YOUR OBJECTIVE:
Return, without anything added, the lines from the one containing "Torre di apprendimento" through the end of the entries below, exactly as written.
BEGIN
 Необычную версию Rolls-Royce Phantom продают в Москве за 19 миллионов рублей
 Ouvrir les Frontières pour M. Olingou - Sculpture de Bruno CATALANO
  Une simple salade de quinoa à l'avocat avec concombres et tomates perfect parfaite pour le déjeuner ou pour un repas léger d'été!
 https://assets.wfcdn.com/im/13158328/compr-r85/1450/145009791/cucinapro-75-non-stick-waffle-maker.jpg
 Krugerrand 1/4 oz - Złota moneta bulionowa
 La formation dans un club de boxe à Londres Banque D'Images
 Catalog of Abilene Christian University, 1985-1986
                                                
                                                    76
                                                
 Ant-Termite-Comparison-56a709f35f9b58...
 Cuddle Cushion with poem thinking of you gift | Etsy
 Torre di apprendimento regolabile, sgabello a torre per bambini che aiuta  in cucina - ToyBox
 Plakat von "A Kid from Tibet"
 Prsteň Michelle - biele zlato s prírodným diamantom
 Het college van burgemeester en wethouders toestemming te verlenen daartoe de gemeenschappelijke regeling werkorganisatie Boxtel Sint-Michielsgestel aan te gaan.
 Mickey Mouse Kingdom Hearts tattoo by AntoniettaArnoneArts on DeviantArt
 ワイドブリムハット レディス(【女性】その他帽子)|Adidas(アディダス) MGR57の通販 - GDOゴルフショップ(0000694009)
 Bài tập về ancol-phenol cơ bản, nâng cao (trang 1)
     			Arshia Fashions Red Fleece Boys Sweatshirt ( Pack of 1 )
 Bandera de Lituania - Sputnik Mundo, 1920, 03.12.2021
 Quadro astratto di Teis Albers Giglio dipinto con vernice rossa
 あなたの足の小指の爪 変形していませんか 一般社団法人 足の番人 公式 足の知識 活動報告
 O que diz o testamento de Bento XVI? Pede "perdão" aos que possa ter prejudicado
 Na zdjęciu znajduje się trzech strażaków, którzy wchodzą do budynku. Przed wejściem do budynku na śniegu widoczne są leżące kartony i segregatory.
END
ANSWER TO THIS EXERCISE:
 Torre di apprendimento regolabile, sgabello a torre per bambini che aiuta  in cucina - ToyBox
 Plakat von "A Kid from Tibet"
 Prsteň Michelle - biele zlato s prírodným diamantom
 Het college van burgemeester en wethouders toestemming te verlenen daartoe de gemeenschappelijke regeling werkorganisatie Boxtel Sint-Michielsgestel aan te gaan.
 Mickey Mouse Kingdom Hearts tattoo by AntoniettaArnoneArts on DeviantArt
 ワイドブリムハット レディス(【女性】その他帽子)|Adidas(アディダス) MGR57の通販 - GDOゴルフショップ(0000694009)
 Bài tập về ancol-phenol cơ bản, nâng cao (trang 1)
     			Arshia Fashions Red Fleece Boys Sweatshirt ( Pack of 1 )
 Bandera de Lituania - Sputnik Mundo, 1920, 03.12.2021
 Quadro astratto di Teis Albers Giglio dipinto con vernice rossa
 あなたの足の小指の爪 変形していませんか 一般社団法人 足の番人 公式 足の知識 活動報告
 O que diz o testamento de Bento XVI? Pede "perdão" aos que possa ter prejudicado
 Na zdjęciu znajduje się trzech strażaków, którzy wchodzą do budynku. Przed wejściem do budynku na śniegu widoczne są leżące kartony i segregatory.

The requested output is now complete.